We update the Q-Table (a table with the estimated values of the Q function, with all possible states associated with rows and all possible actions associated with columns) based on: the previous value, the reward for choosing this particular action, the maximum expected future reward given the new state, a learning rate and the discount factors for future rewards. These values are related using the Bellman equation, a fundamental result in Dynamic Programming.

Given many opportunities to explore the environment and adequate parameters to balance exploration and exploitation, we should be able to learn the optimal policy (given the way we designed our rewards).
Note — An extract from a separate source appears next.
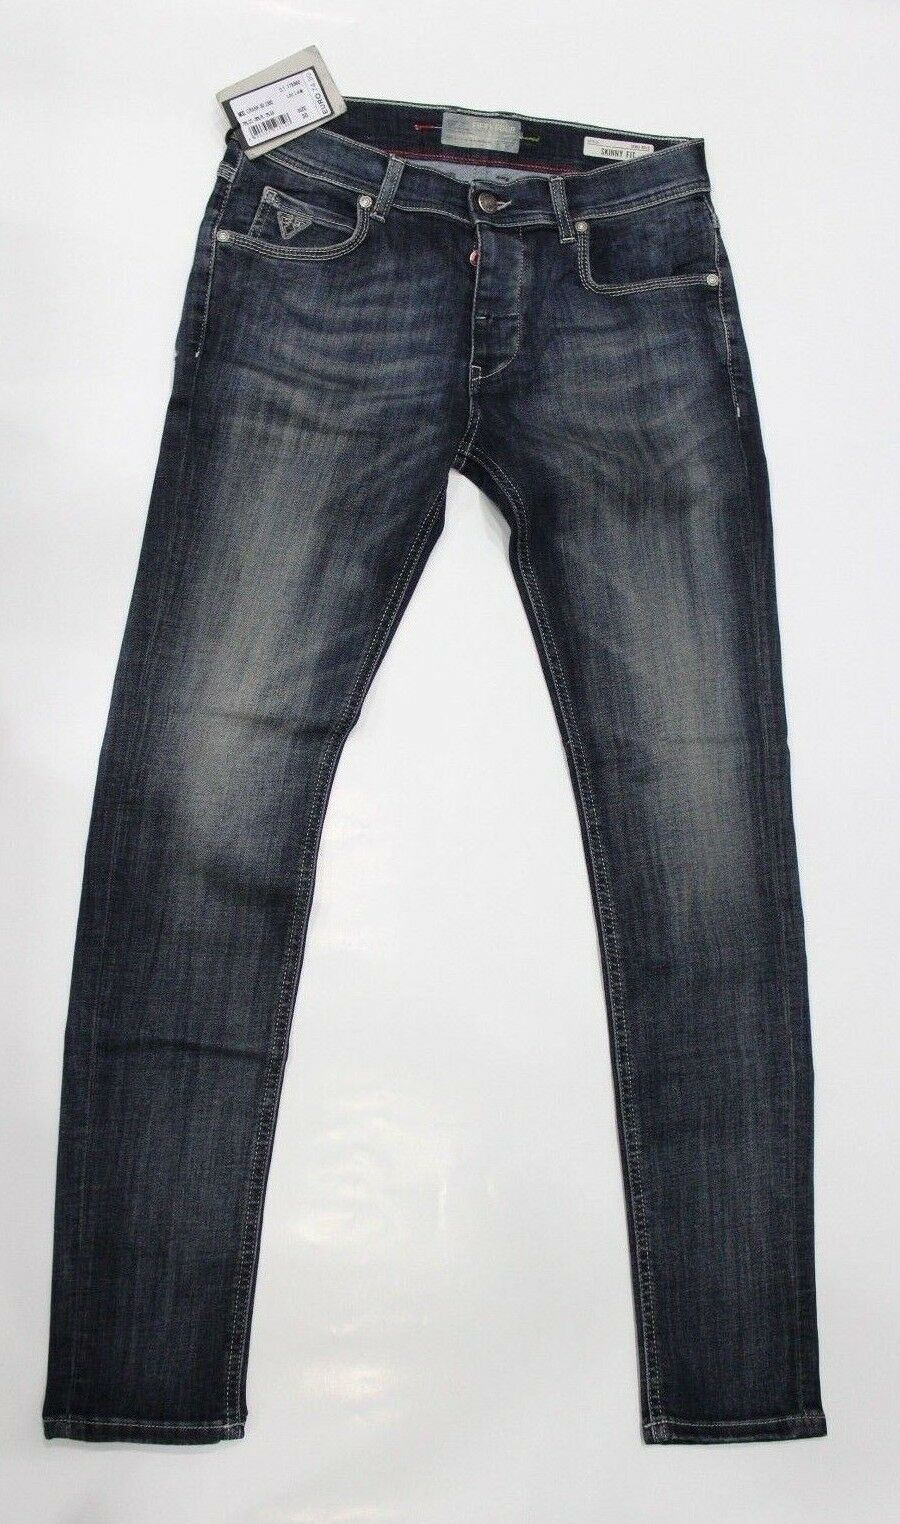 FIFTY FOUR Crank Jeans Pantalone Pantalone Pantalone Uomo Skinny Fit edc42b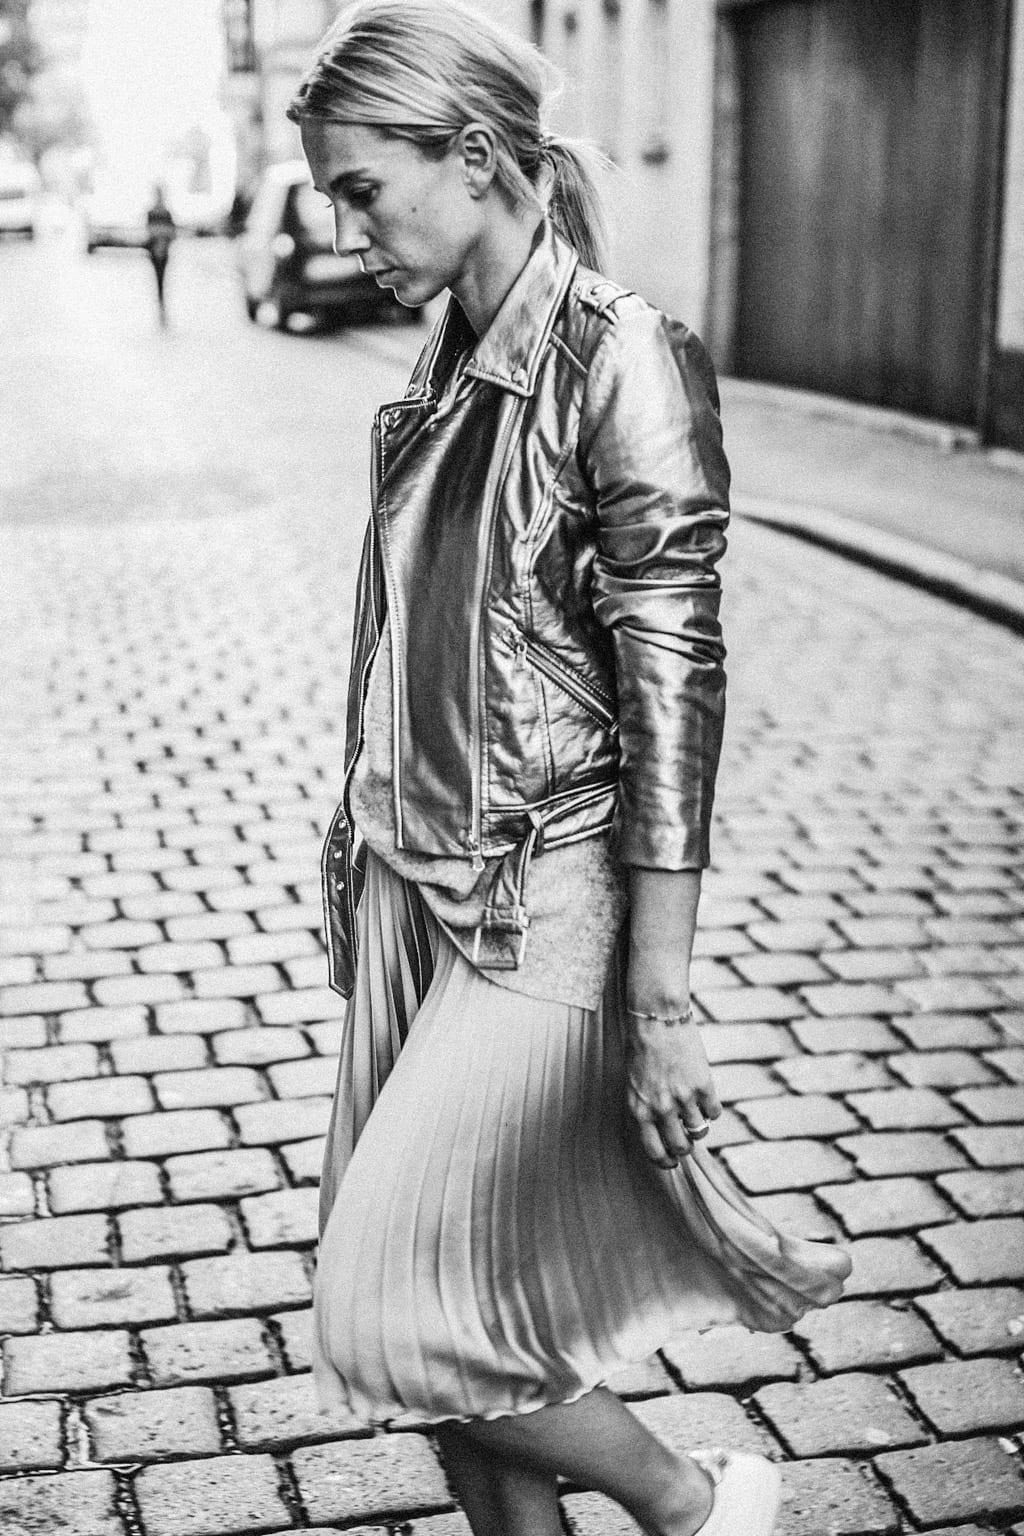 ck-constantlyk-com-karin-kaswurm-street-style-fashion-silver-leather-jacket-plissee-6984-2

But if the feedback is sparse or if it is difficult to learn long-term consequences of the agent’s actions, we’ll have problems in applying reinforcement learning. Deep Q Learning will be useful in approximating the Q-Table and learning the optimal Q-values.

### Okay, and now how do we use it?

One way of looking at the fair value of a derivative contract is by looking at the hedging portfolio; we expect that, on average, the price we pay (receive) for the contract will be offset by the cashflow of the hedging portfolio (minus costs, fees, price impact, etc.). We can then frame the problem of the fair value of a derivative contract like an option as a reinforcement learning problem, where (quoting Halperin) *pricing is done by learning to dynamically optimise risk-adjusted returns for an option replicating portfolio*.

We have explicit pricing formulas for some particular models of the world and even formulas to the theoretical optimal hedging ratios in these models (an excellent reference is “Stochastic Volatility Modeling” by Lorenzo Bergomi), but using Q-Learning, we are not only able to recover these values (although in a discrete setting) but come up with similar strategies on real trading data (which we know is not going to fit any model); remember that Q-Learning is model-free.

Because in the QLBS model the option price is the optimal Q-function and the optimal hedge is also an argument of this function, pricing and hedging are learned together. And the ability to work with simulated data and check convergence with theoretical results and then switch to real-world data and adjust pricing and hedging is a big advantage of this framework.

One interesting question is how much we should “overfit” to real data; suppose our training data has 7 months of low volatility and prices trending up followed by 7 months of high volatility and prices tumbling down. Is my ideal model supposed to switch between different behaviors (like in the papers “Regimes of Volatility” by Emanuel Derman and “Delta-Hedging Vega Risk” by Stéphane Crépey)? This could be different than a model-implied optimal delta.

Other recent papers on the subject include “Dynamic Replication and Hedging: A Reinforcement Learning Approach”, by Petter Kolm and Gordon Ritter and “Deep hedging” (Buehler, Gonon, Teichmann and Wood).

In a later post (and at QuantMinds International 2019 in Vienna) I’ll discuss how this idea can be applied to interest rate interpolation.